We have a lot of NHS workers from Southampton General Hospital come in to us and they have all been extremely impressed with the level of hygiene and PPE we have in place in the shop and comment how it’s on a level with what they expect at work.

So many clients have said how safe they feel coming in to see us, especially as there are many other barbershops near us failing to even follow the basic guidelines. Because of this we’ve even gained some new clients purely because of how seriously we are taking the safety in the shop.


What have you learnt from lockdown? (positives and negatives) 

One of the biggest things I have learnt is that life is for living and not all about work.

I think a lot of us in the industry realised how little of a life we had out of the shop. Missing meals, family moments, hobbies, the list goes on and on. I definitely plan to have a better work life balance from now on

I want to make sure I take the time for myself in life now and do the other things I enjoy. Keep up with my art, travel a bit more and spend quality time making memories with my loved ones.

I also realised that I don’t have to work myself into the ground to make enough money to live. Yes, I have gone without a few luxuries the last few months and I’m not going to lie, financially it’s been a struggle. Especially as my other half is a chef, another industry to have been massively affected by lockdown. But we now know we can budget, spend a little less and still have a happy life together.

I’m extremely grateful to have such a supporting partner at home with me who knows I have bad days and sometimes I need him more than normal. If it wasn’t for him being so kind, helpful and considerate I probably would be much worse right now mentally.

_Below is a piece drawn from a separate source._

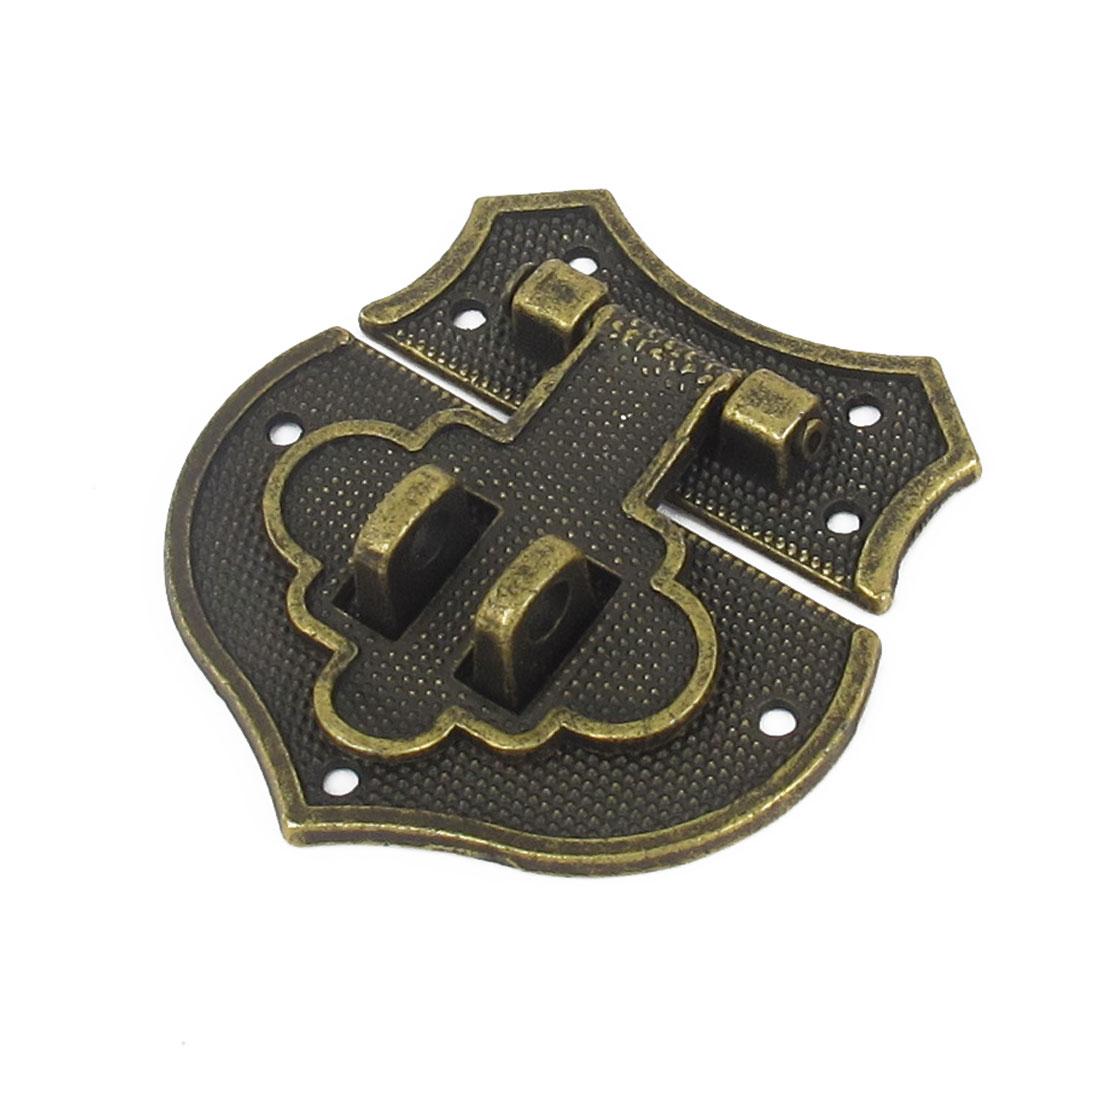 Bronze Tone Metal Antique Suitcase Jewelry Box Case Hasp Latch Chest Lock Locking Decor

I’ve learnt to take myself off the pedestal that I put myself on and reminded myself I am in fact a human. I can’t be perfect all the time. I don’t need to make everything better for everyone. I make mistakes. I can’t be responsible for everyone else. I get tired. Sometimes I’m sad or angry. And yes I get stressed. But that’s all normal and it’s totally acceptable to have low days.


Bethany’s Be Kinder Tips


  • Instead of hiding my feelings from my clients I’ve started to be honest and not lie when they ask how I am. If I’m having a bad day I tell them. If my anxiety is really bad I explain why I might be a bit quieter than normal. It also means they see me as a human with feelings and not a barber robot that is just here to cut hair 24/7.
  • Get help with your mental health and take it as serious and your physical health.Our brains are on-the-go non-stop and it’s easy to neglect your mental health. Seek help from your GP, contact a mental health crisis team or even call Samaritans to just talk through your feelings. It helps, trust me!
  • It’s important to find ways to manage stress and anxiety. I meditate often, take long hot baths, go for walks in the forest, practice mindfulness and I’ve even found that using CBD oil as an alternative to anxiety medication helps calm me down and even stop me from having a panic attack. Find whatever works for you.